Tara sabía que asumir su pérdida no sería fácil. Debía enfrentarse a la mezcla de buenos y malos sentimientos hacia Johnathon, a todo lo que no se había enfrentado cuando se divorciaron. Aunque no se atrevía a derramar lágrimas en ese momento. Había aprendido que no le convenía mostrar sus emociones cuando los niños del colegio se burlaban de ella por seguir llorando meses después de la muerte de su madre. Johnathon también le había enseñado a ser dura. Y Tara había aprendido que mostrándose fuerte siempre acababa consiguiendo lo que quería.

Sintió cierto alivio cuando notó el sol en la cara. Era un hermoso día de verano del mes de julio con una ligera brisa. Se moría de ganas de volver a su casa de Coronado, al otro lado de la bahía, quitarse los tacones y dar un paseo por la playa. Despejarse y seguir adelante. Pero no podía irse sin antes hablar con las otras dos esposas.

–Miranda –dijo Tara, acercándose a la viuda de Johnathon–. ¿Cómo estás? ¿Hay algo en lo que pueda ayudarte?

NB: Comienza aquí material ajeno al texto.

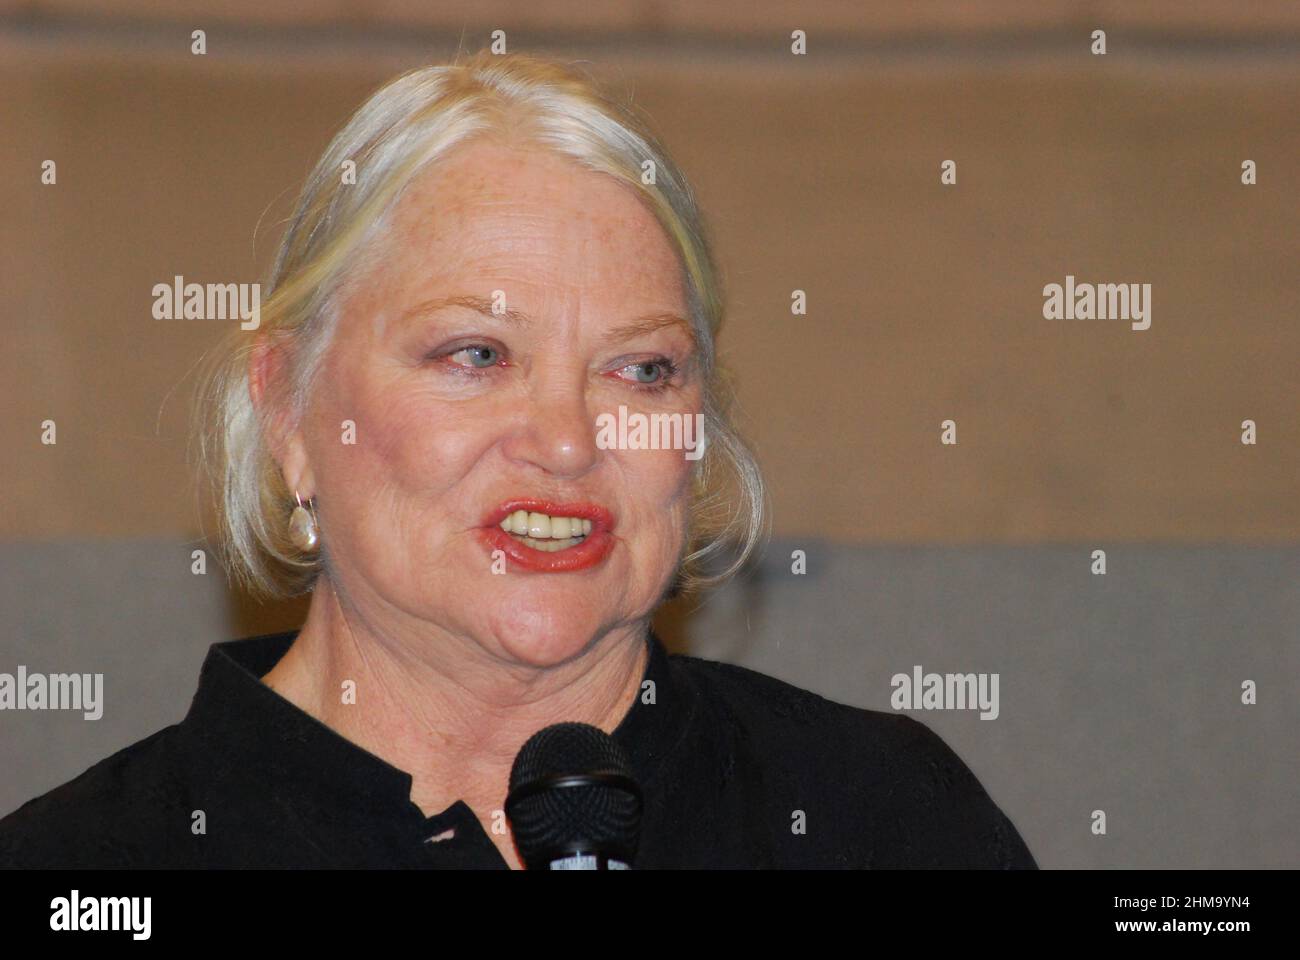 American award-winnning TV, film, and stage actress, Louise Fletcher, best known for Star Trek: Deep Space Nine, and One Flew Over the Cuckoo's Nest. Stock Photo

Miranda se volvió, oculta bajo unas oscuras gafas de sol, aunque las manchas de rímel en las mejillas evidenciaban su dolor.

–¿Que cómo estoy? Mi marido ha muerto –dijo abrazándose a su bolso Louis Vuitton como si fuera un salvavidas.

A Tara le sorprendió la respuesta tan brusca de Miranda. La relación entre ellas no era mala.

–Lo siento. Esto es muy difícil. No debí preguntarte. Lo lamento…

–No, perdóname –respondió Miranda hundiendo los hombros en señal de derrota–. La que lo siente soy yo. –Miró a su alrededor y luego se acercó a Tara–. Soy un revoltijo de hormonas. No sé cómo voy a criar a este niño yo sola.

–Supongo que no se lo has dicho a nadie.

–Mi hermano Clay lo sabe. También tú, Grant y algunas de mis amigas íntimas. Eso es todo. No quiero que nadie más lo sepa. Todavía no. Y no quiero que Astrid se entere antes de volver a Noruega. Johnathon me contó que intentaron tener un bebé, pero nunca lo consiguieron. Además, él nunca le contó que se había casado de nuevo. Seguro que ella me odia.

–No digas eso, anda.

–Ahora mismo, solo deseo meterme en mi cama, dormirme y despertarme en una realidad diferente –dijo Miranda negando con la cabeza, consternada.

–Lo siento, Miranda. Lo siento mucho –le dijo Tara mientras la abrazaba.

De repente, Miranda se puso rígida en los brazos de Tara.

–Oh, mierda. Astrid viene hacia aquí. No estoy preparada.

Miranda se soltó del abrazo de Tara, giró sobre sus talones y desapareció entre la multitud. Antes de que Tara tuviera tiempo de mentalizarse, Astrid ya la estaba agarrando de un brazo.

–No sé qué vio en ella. –El acento noruego de Astrid era más marcado ahora que la última vez que habían hablado. Astrid se había mudado a Noruega, su país natal, justo después de divorciarse de Johnathon hacía dos años.

–Miranda es encantadora –dijo Tara–. Pero tú eres la mujer más guapa de este funeral, así que no veo motivo para estar celosa.